Maintaining a cultural enclave without compromise is impossible. Whether we admit it or not, our culture is integrating itself to the Filipino landscape, shaping not only our thoughts but those of our fellow Filipinos. Schools that were once reserved solely for those of Chinese heritage have long since opened their doors to educating everyone in a mix of Filipino, Chinese, and religious ideals. The country celebrates Chinese holidays like the Lunar New Year together, featuring older traditions like the Dragon and Lion Dances alongside mixed traditions  like eating tikoy flavored with ube or pandan. The Great Wall is merely an obstacle to be overcome in the present time, especially with more lenient families. This does not mean that we are abandoning our past nor is it a free pass to ignore our heritage altogether, but rather that we allow it to tie ourselves to a common history while keeping our options open for the changing future.
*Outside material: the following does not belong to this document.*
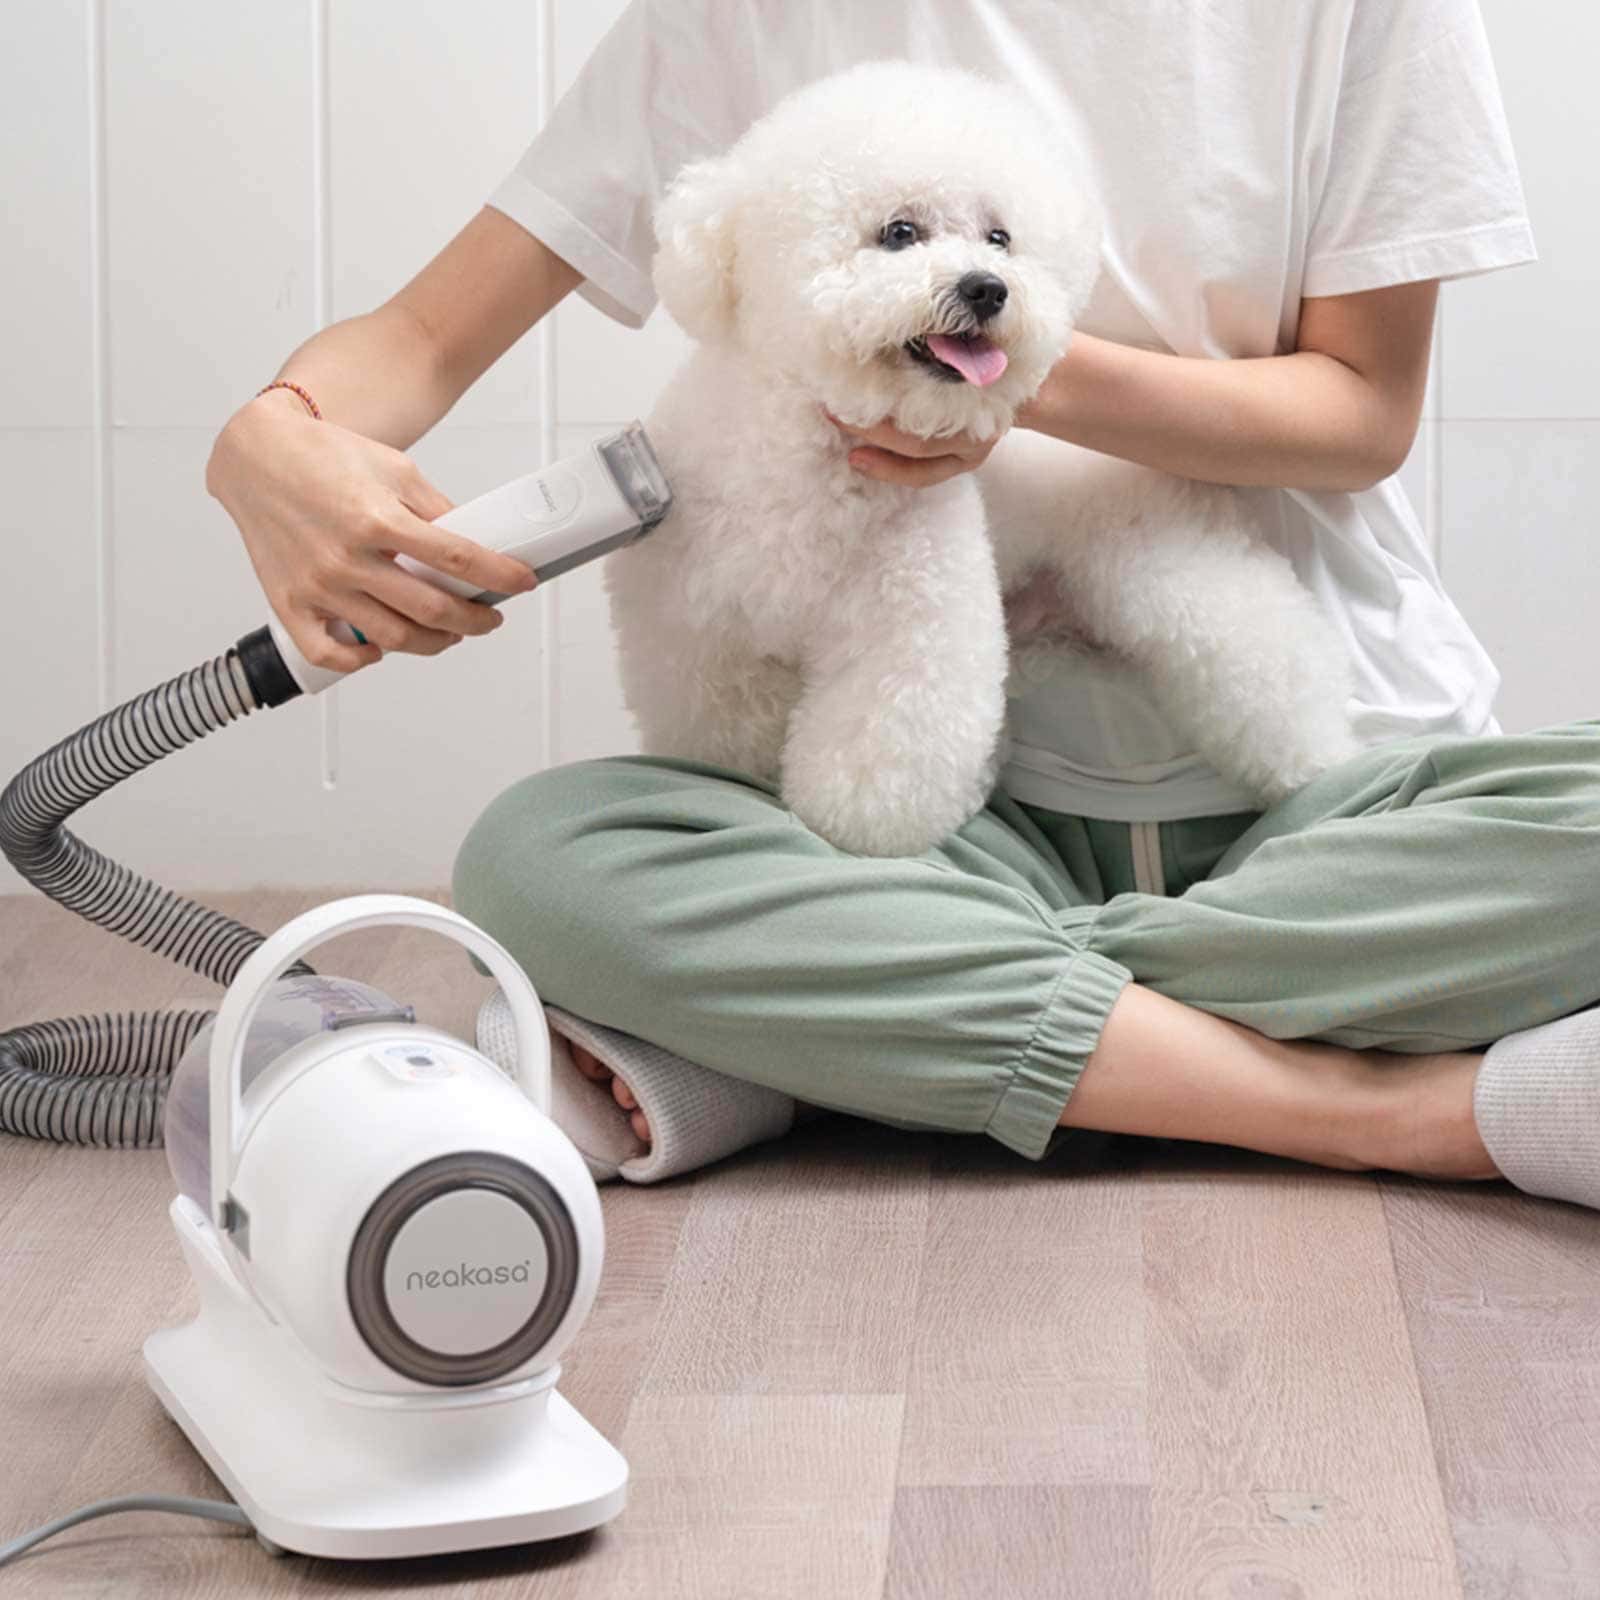 Neakasa P1 Pro Dog Grooming Kit for Dogs Cats | Pet Hair Vacuum

To be Filipino-Chinese in the present era means embracing both the rich heritage that our grandparents brought with them as they migrated from the Fujian province and the evolving lifestyle of the Filipinos. It means balancing atop the Great Wall, chipping away the stone barrier until enclaves become shared land. It means forming our shared destiny in the Philippines together, becoming the future of the motherland as Jose Rizal once put it. It means preserving our traditions while adapting to the modernity of the present and future. It means passing down our way of life to the next generations while pruning the thorns that once restricted ours. Above all, we may be ethnically Chinese, but we are Filipinos. We are the Filipino-Chinese.